In reazione alla recente escalation della violenza contro i musulmani in India, l’Ayatollah Mohsen Araki, un membro dell’Assemblea degli esperti iraniana, ha affermato che oggi i servizi di intelligence del triangolo malvagio, Gran Bretagna, Stati Uniti e Regime sionista sono la causa principale delle divisioni nella società indiana.

“L’uccisione di musulmani da parte di alcuni fanatici ignoranti in India a seguito delle politiche discriminatorie e di divisione di alcuni politici indiani ha suscitato grande preoccupazione nella società islamica e in altre società umane”, ha dichiarato l’Ayatollah Mohsen Araki in una dichiarazione rilasciata alla stampa iraniana.

“Anche la legge sulla cittadinanza recentemente adottata in India è stata promossa e sostenuta da questo triangolo vizioso. La comunità indiana, con tutta la sua diversità settaria e religiosa, è una società pacifica”, ha aggiunto l’alto religioso iraniano. Araki ha anche chiesto che il governo indiano non venga ingannato dai servizi di intelligence e ha fortemente esortato i leader musulmani dell’India a mantenere l’unità e la pace.

Le violenze scoppiate in India a seguito di proteste contro una controversa legge sulla cittadinanza, hanno causato la morte di oltre 50 persone, per lo più musulmane, e oltre 200 sono rimaste ferite. Approvata a dicembre 2019, la legge apre una strada speciale alla cittadinanza indiana per i migranti di quasi ogni importante fede del Sud Asia, ad eccezione dell’Islam.

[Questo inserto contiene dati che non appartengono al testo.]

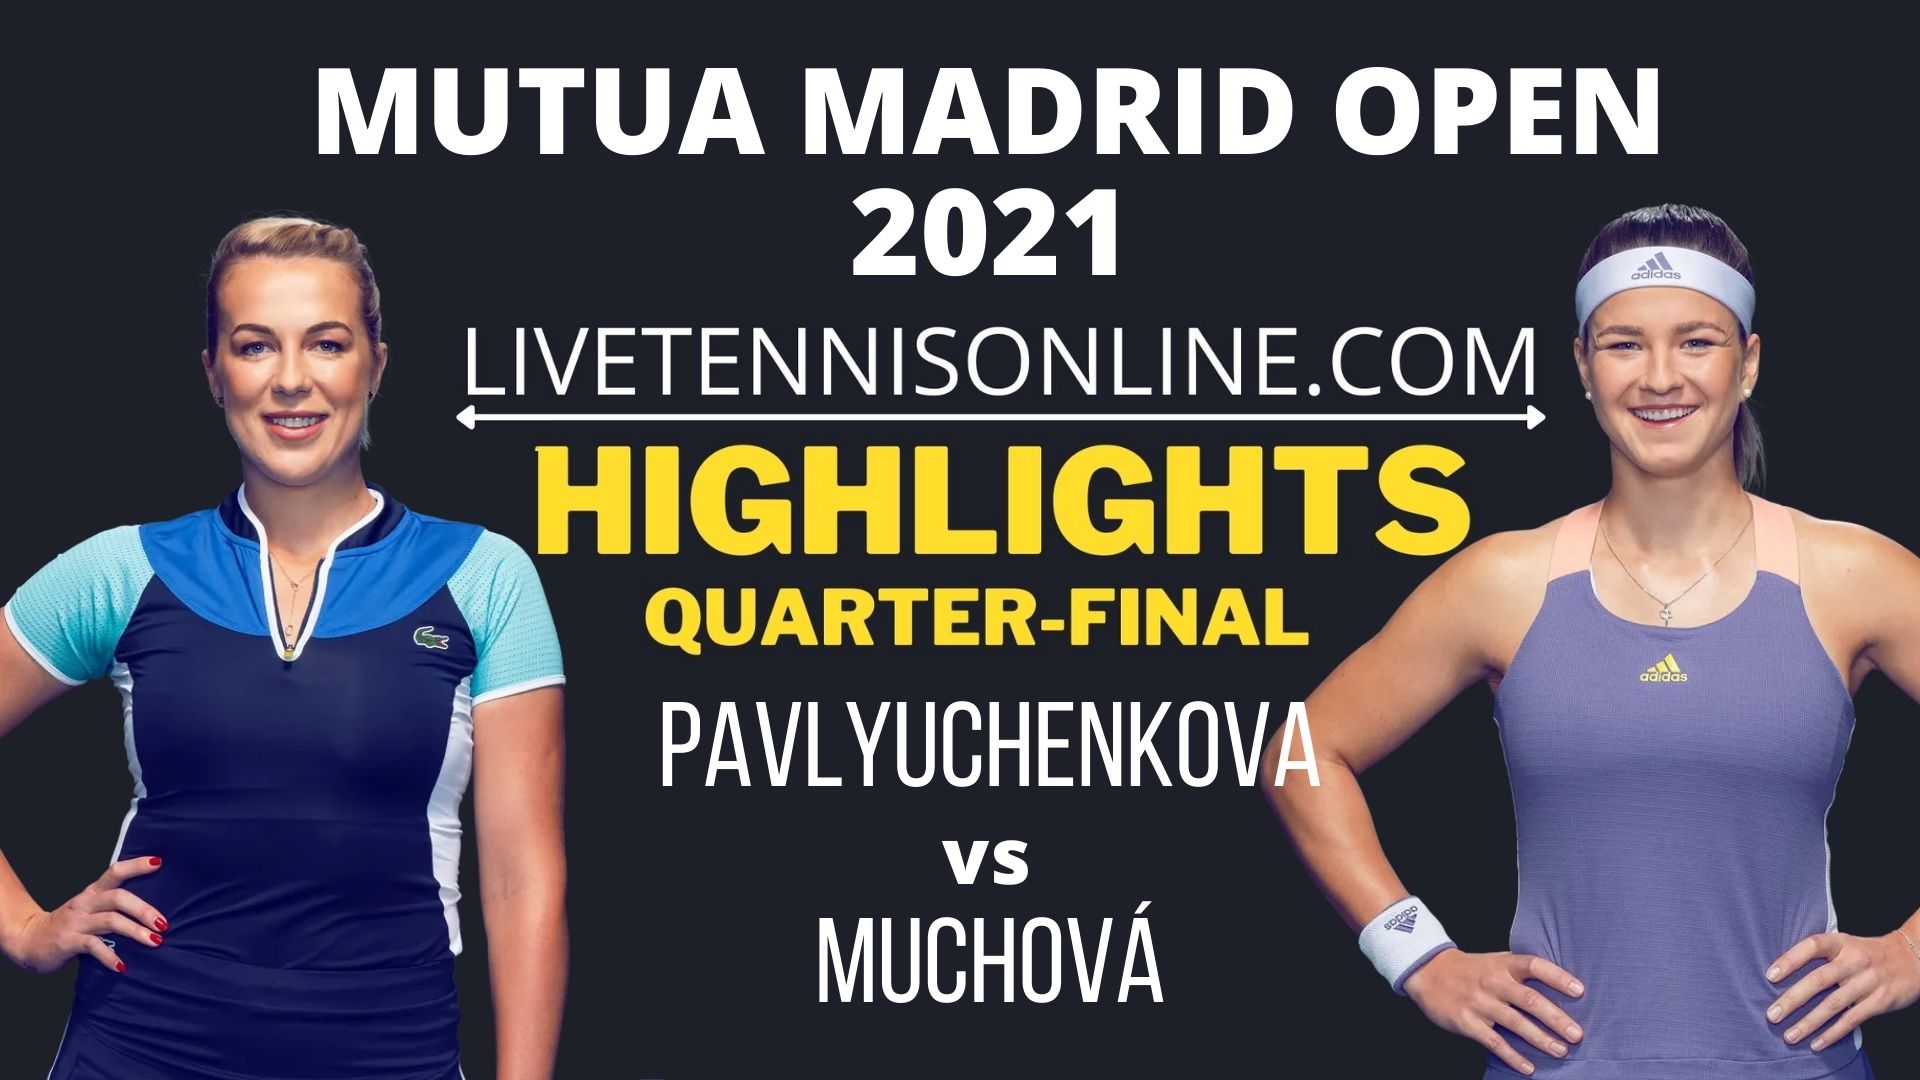 Pavlyuchenkova Vs Muchova Quarter Final Highlights 2021 Madrid

Migliaia di cittadini indiani ed europei in diversi Paesi hanno condannato la violenza contro i musulmani chiedendo una soluzione immediata per la situazione in corso. La Repubblica Islamica dell’Iran ha condannato “la violenza organizzata contro i musulmani indiani”, esortando le autorità del Paese dell’Asia orientale a garantire il benessere di tutti gli indiani.

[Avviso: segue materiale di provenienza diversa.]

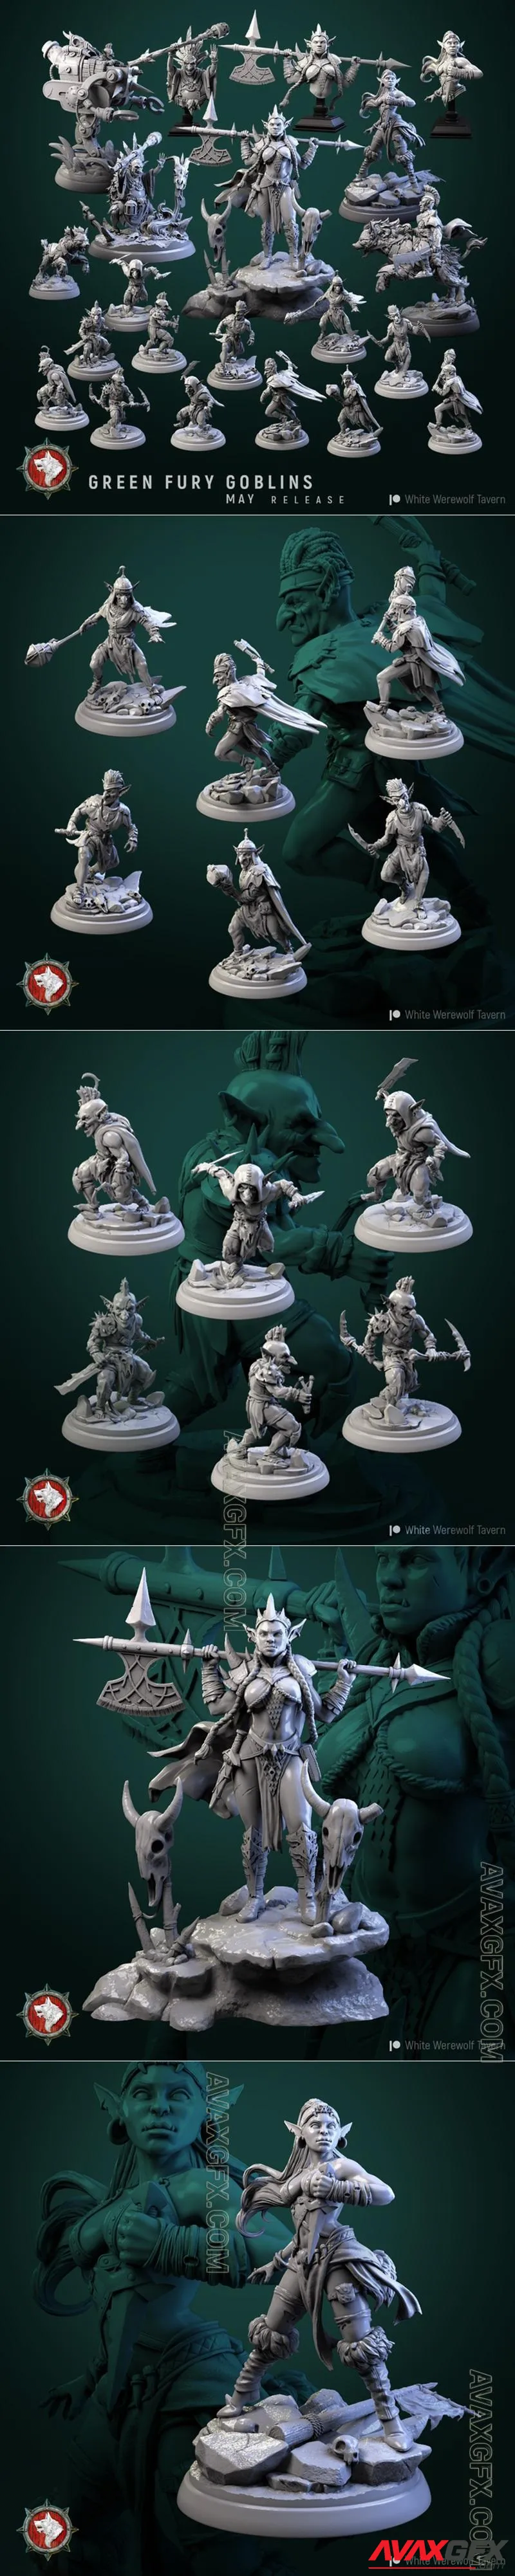 White Werewolf Tavern - Green Fury Goblins - STL 3D Model

Khamenei: India rischia isolamento dal mondo islamico

“Il cuore dei musulmani di tutto il mondo è addolorato per il massacro di musulmani in India. Il governo indiano dovrebbe affrontare gli estremisti indù e i loro partiti e fermare il massacro dei musulmani al fine di impedire l’isolamento dell’India dal mondo islamico”, ha dichiarato il leader iraniano sul suo account Twitter.

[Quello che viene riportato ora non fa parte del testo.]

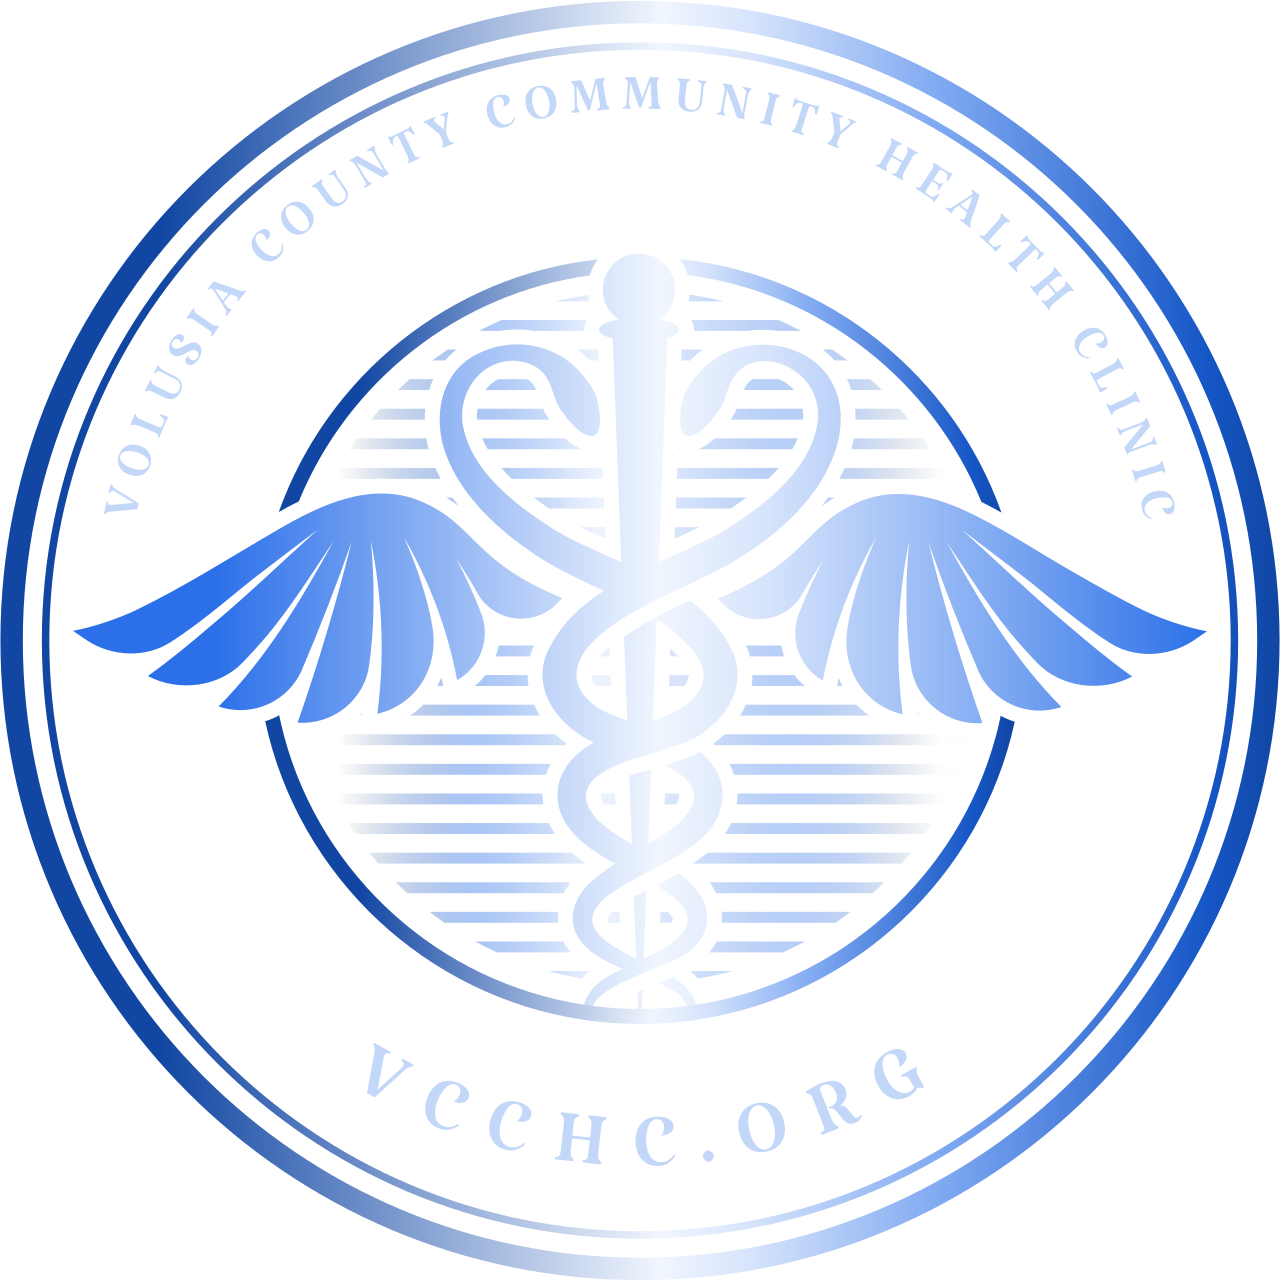 VOLUSIA COUNTY COMMUNITY HEALTH CLINIC's logo

Lo scorso dicembre, il parlamento indiano ha approvato una legge che accelera la cittadinanza per le minoranze non musulmane perseguitate dai Paesi vicini. Più di 50 persone sono state uccise la scorsa settimana a Nuova Delhi a causa della violenza settaria scatenata dalla legge sulla cittadinanza. Gli analisti avvertono che la legge potrebbe in definitiva portare all’espulsione o alla detenzione, e contribuisce all’emarginazione.